L’équipe a séquencé 42 échantillons prélevés au Yémen et dans un centre de réfugiés situé à la frontière avec l’Arabie Saoudite et les a comparés à une collection mondiale de plus de 1 000 échantillons provenant d’une pandémie en cours depuis les années 1960 et causée par un seule lignée de V. cholerae, appelée 7PET.
La souche qui alimente l'épidémie au Yémen est similaire à celle qui a été observée pour la première fois en Asie du Sud en 2012 et qui s'est répandue dans le monde entier, mais elle n'est pas arrivée directement d'Asie du Sud ou du Moyen-Orient. Avant d'arriver au Yémen, la souche circulait et provoquait des épidémies en Afrique de l'Est en 2013 et 2014.

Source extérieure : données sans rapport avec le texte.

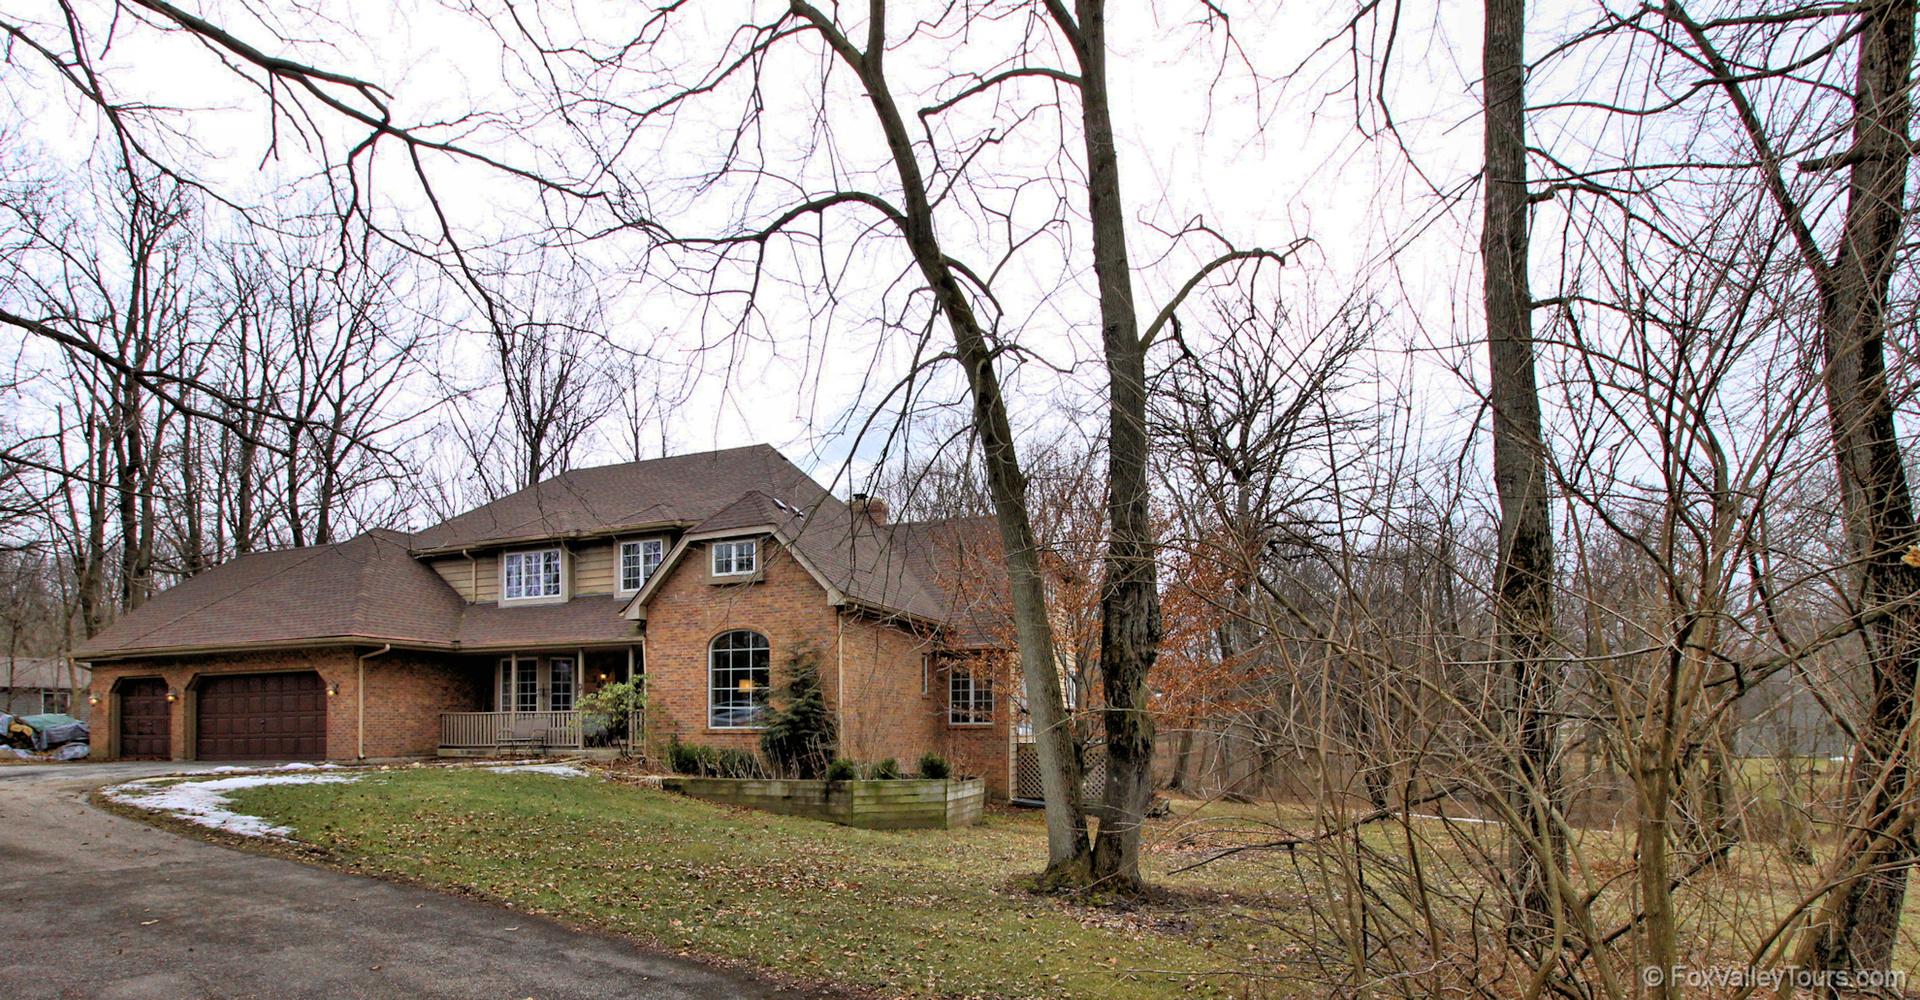 30 Crestview, Oswego, Illinois, 60543

Les experts avaient pensé que les épidémies au Yémen avaient été causées par deux souches différentes, mais l'étude a révélé qu'elles étaient imputables à la même souche qui est entrée au Yémen en 2016. Une autre découverte inattendue est que la souche de choléra au Yémen est sensible à de nombreux antibiotiques - la plupart des épidémies sont résistantes à plusieurs antibiotiques.

« Cette étude illustre une nouvelle fois la nécessité d’associer données épidémiologiques et données de laboratoire pour suivre la circulation des souches et mieux contrôler le choléra. » insiste Marie-Laure Quilici. Ces nouveaux résultats confirment en effet la pertinence des analyses génomiques pour appréhender les voies de migrations du choléra et avoir une vision globale de la situation.

* Certaines publication citent le chiffre de 2500 décès.